What to work on:
Exercise in exact copying: restate word for word only the lines below from the one containing "Isbjørn, julesweatre og" through the one containing "Salaatin melonisattumat ovat", omitting any pictures.

Data to use:
════════
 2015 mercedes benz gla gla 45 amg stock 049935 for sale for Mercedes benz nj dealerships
════════
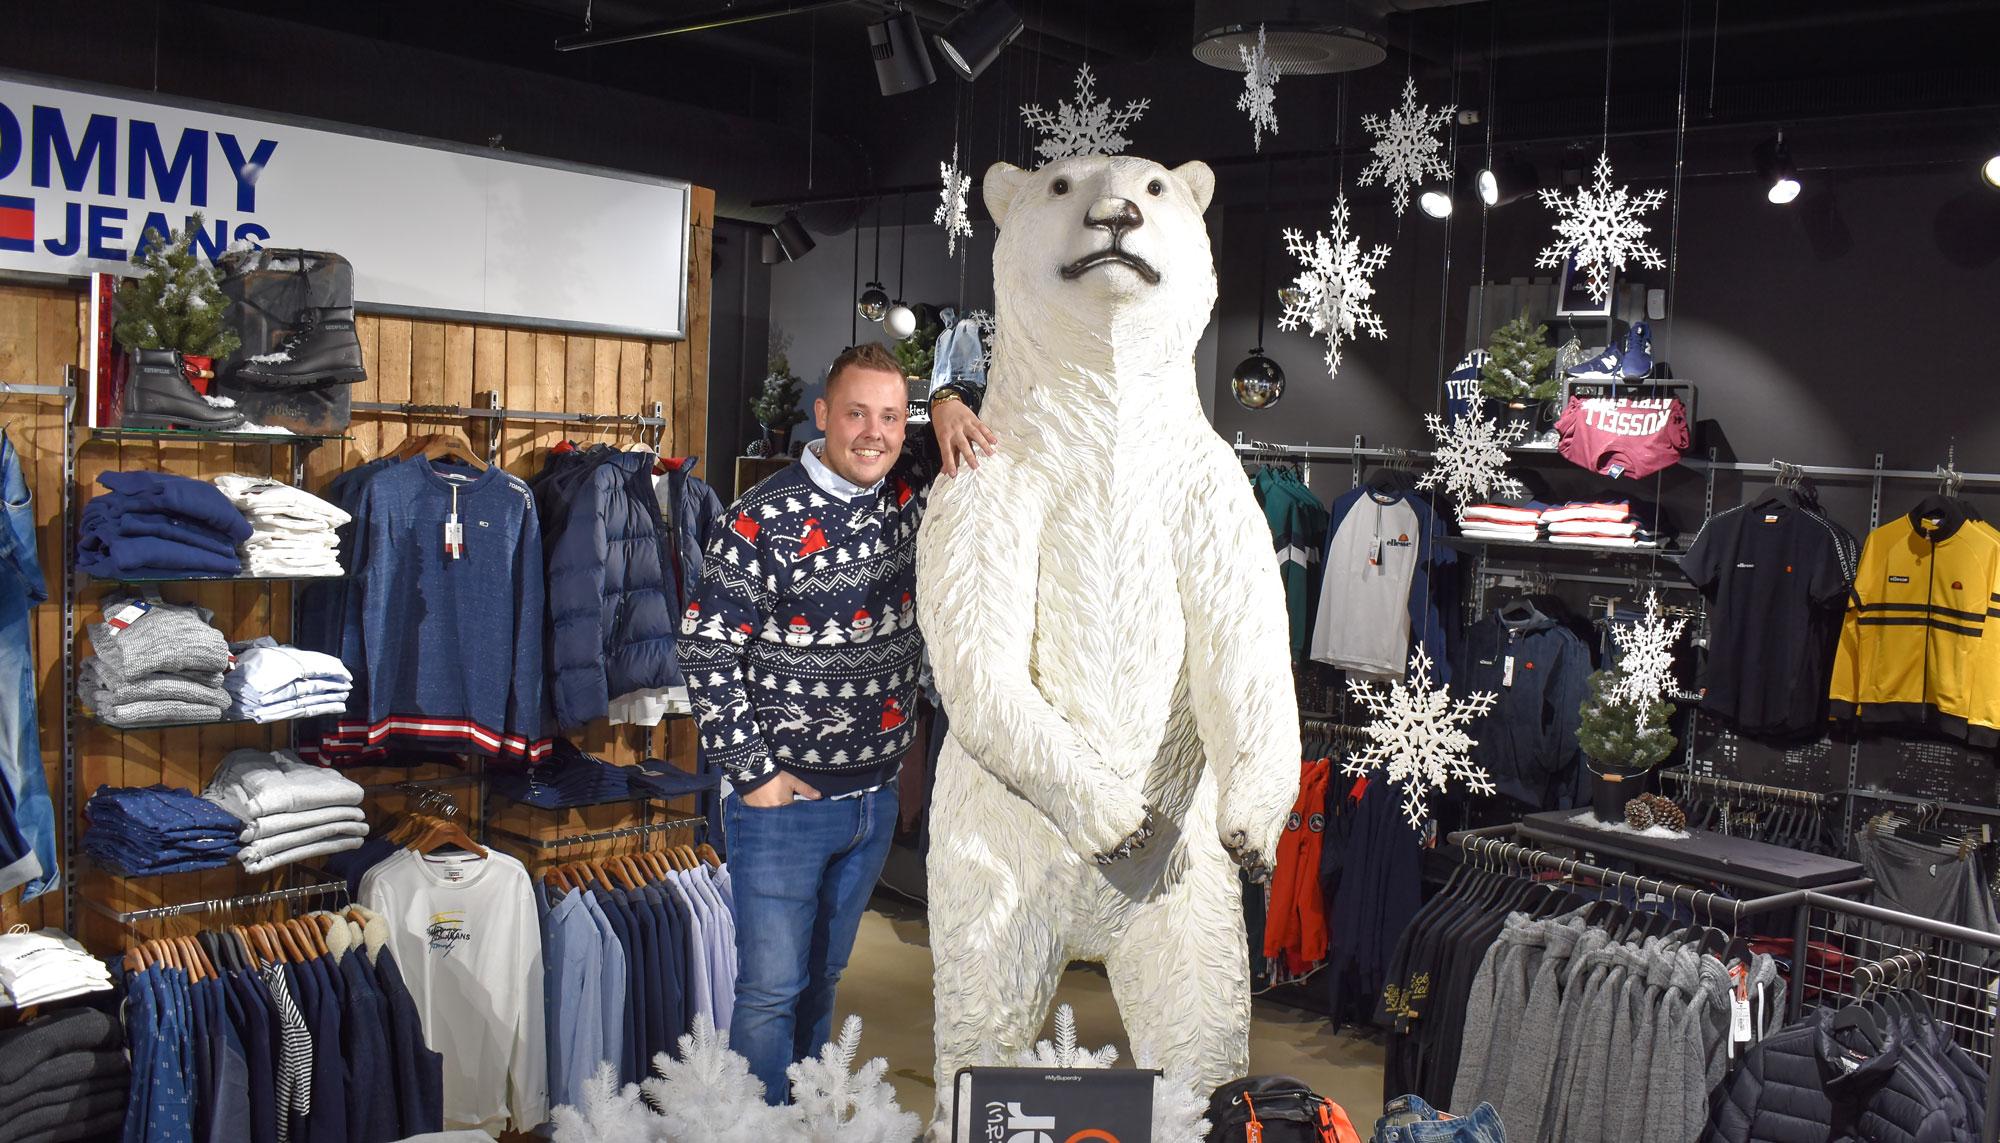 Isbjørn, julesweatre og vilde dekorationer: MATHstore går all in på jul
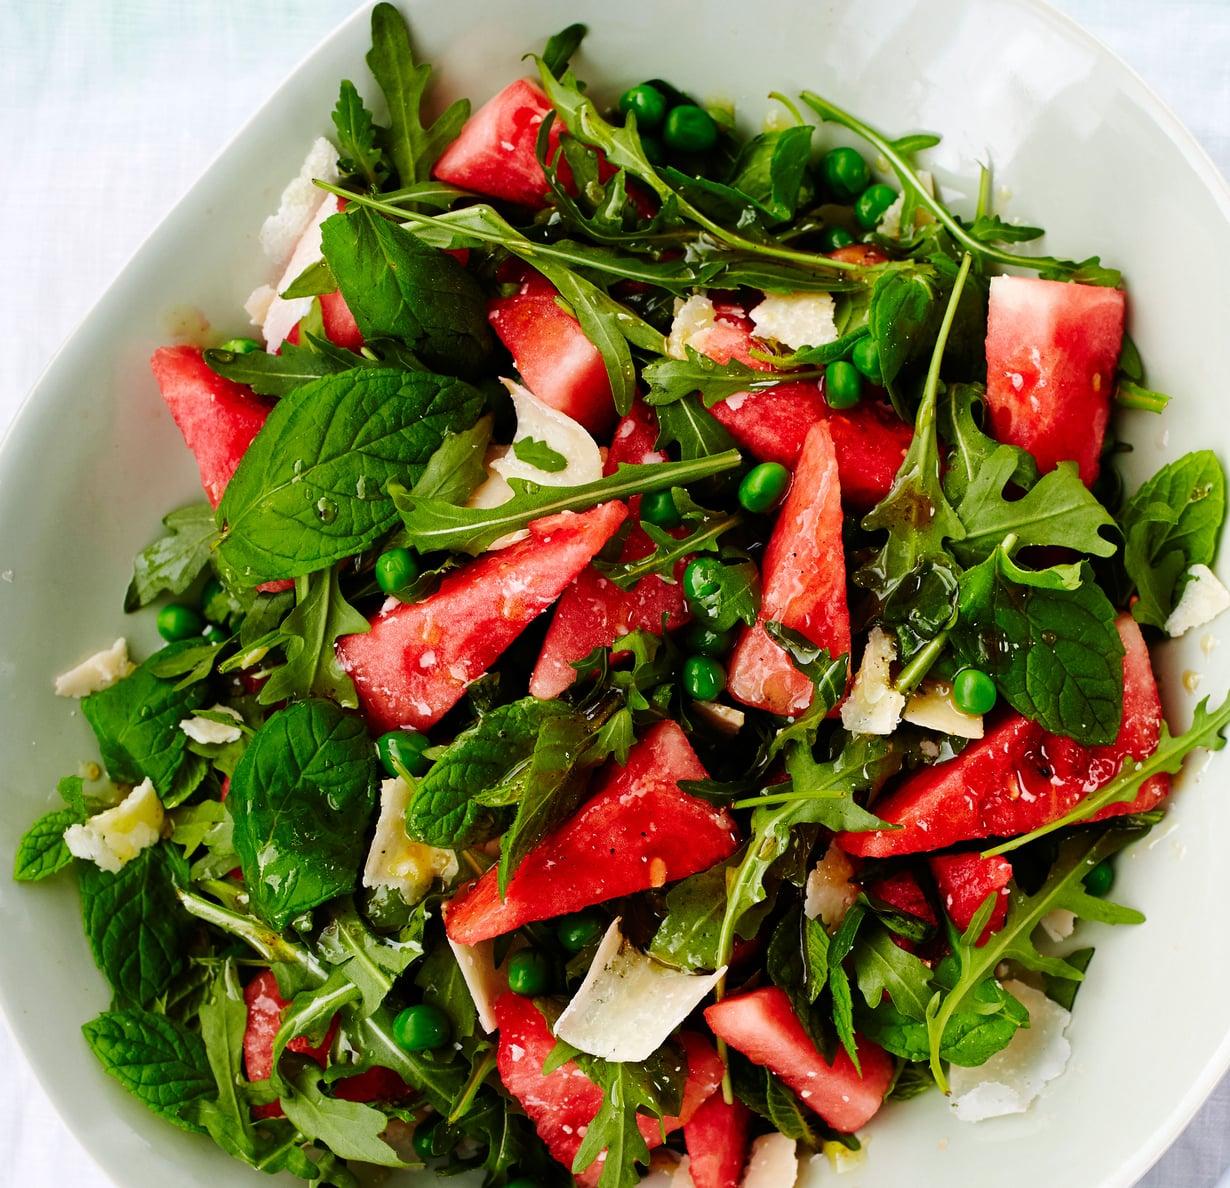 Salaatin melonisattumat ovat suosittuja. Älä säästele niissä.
════════
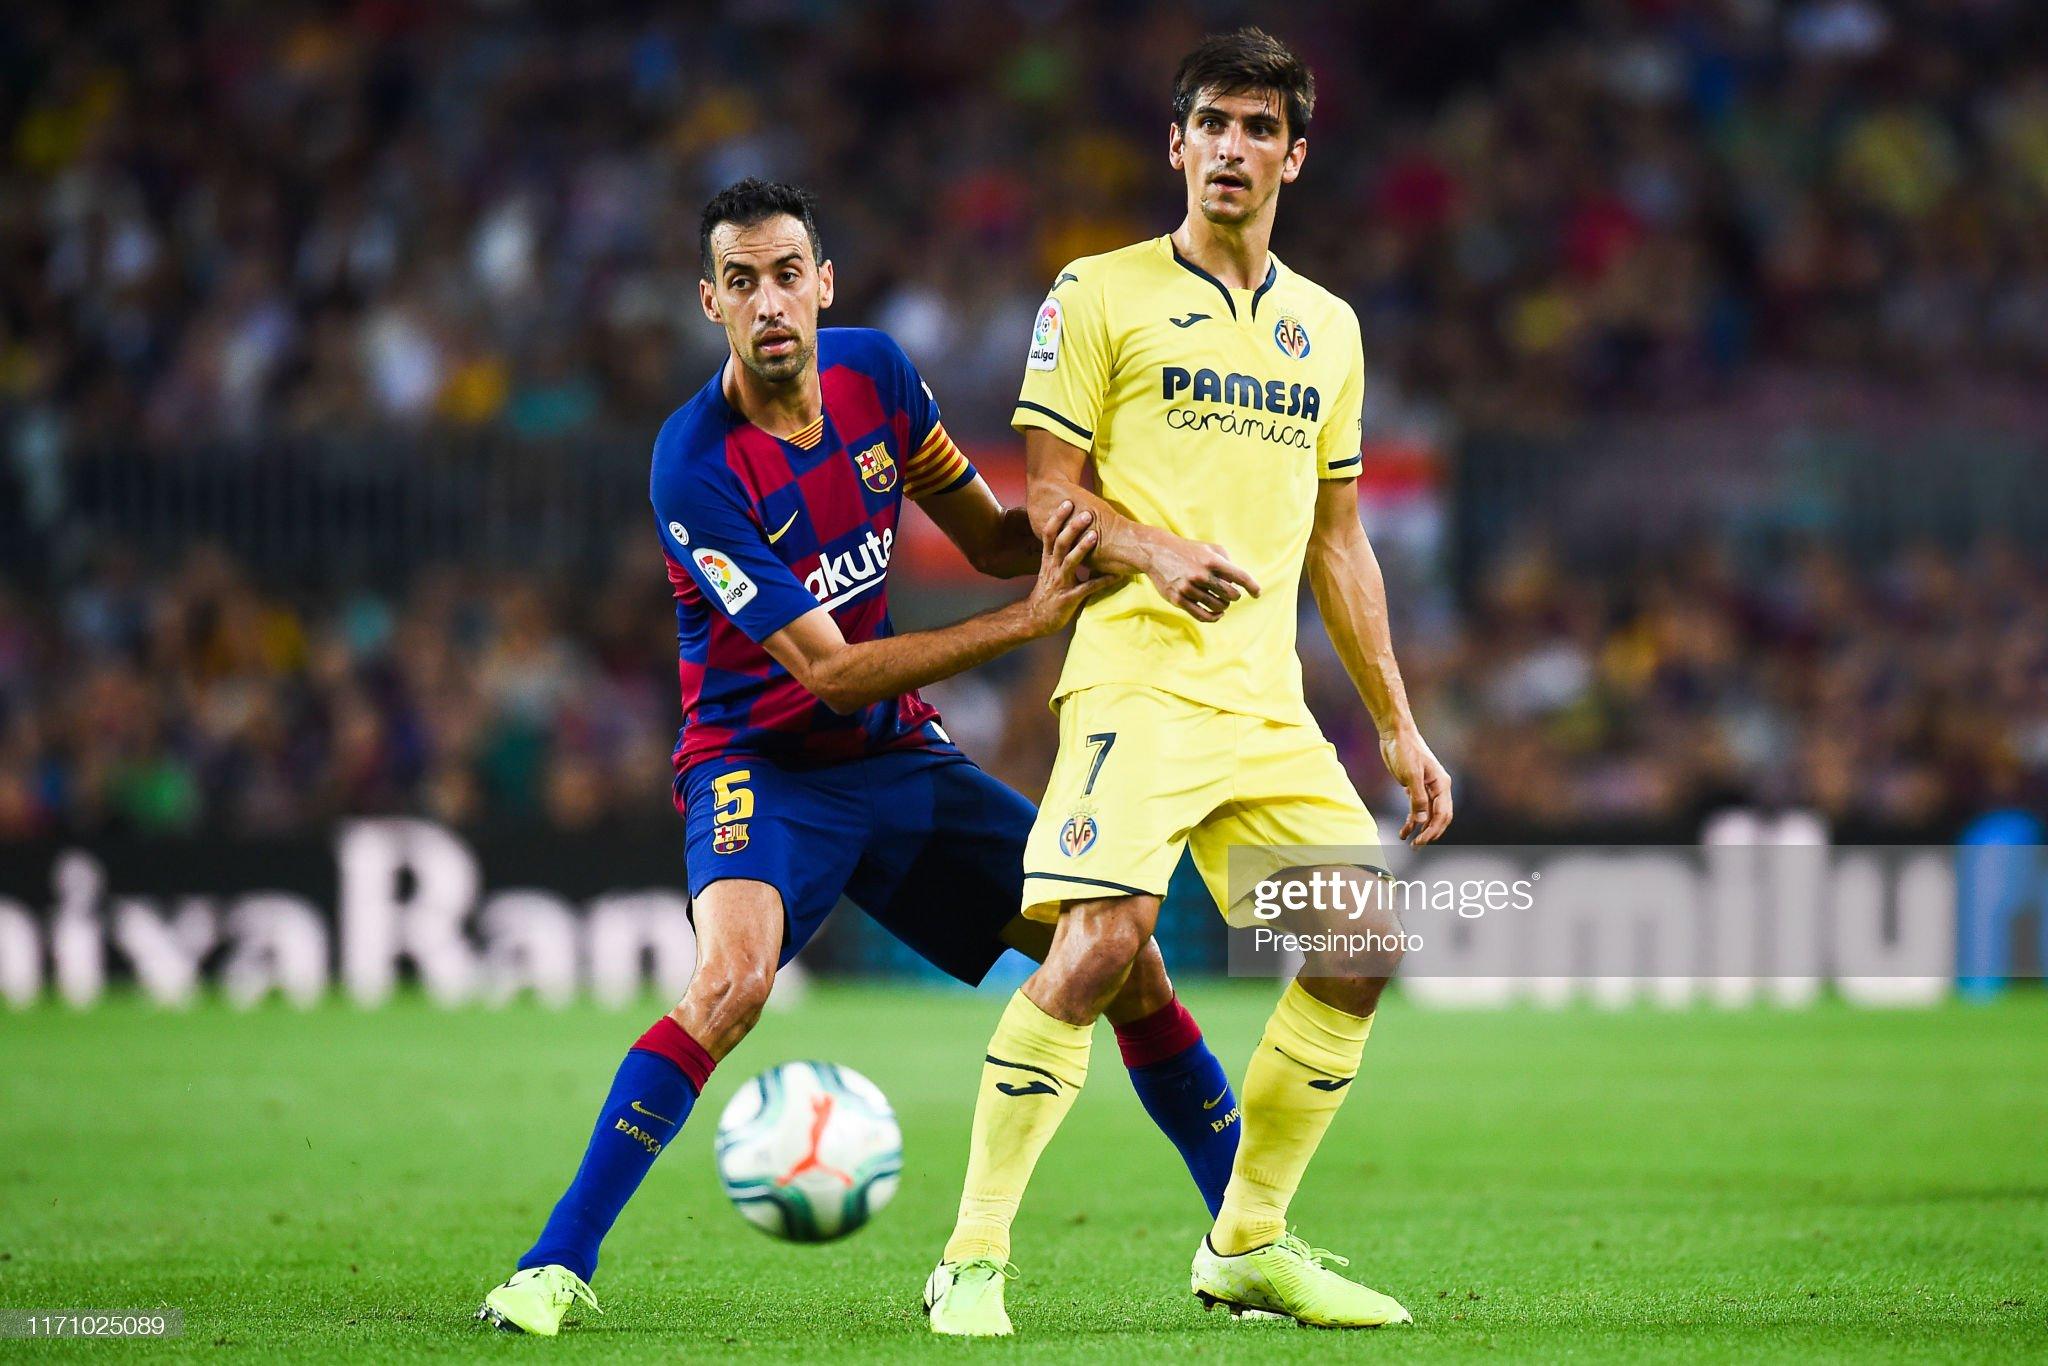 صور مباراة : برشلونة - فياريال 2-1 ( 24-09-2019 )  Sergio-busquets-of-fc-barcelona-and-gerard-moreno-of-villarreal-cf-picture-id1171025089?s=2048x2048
════════
Answer to this task:
 Isbjørn, julesweatre og vilde dekorationer: MATHstore går all in på jul
 Salaatin melonisattumat ovat suosittuja. Älä säästele niissä.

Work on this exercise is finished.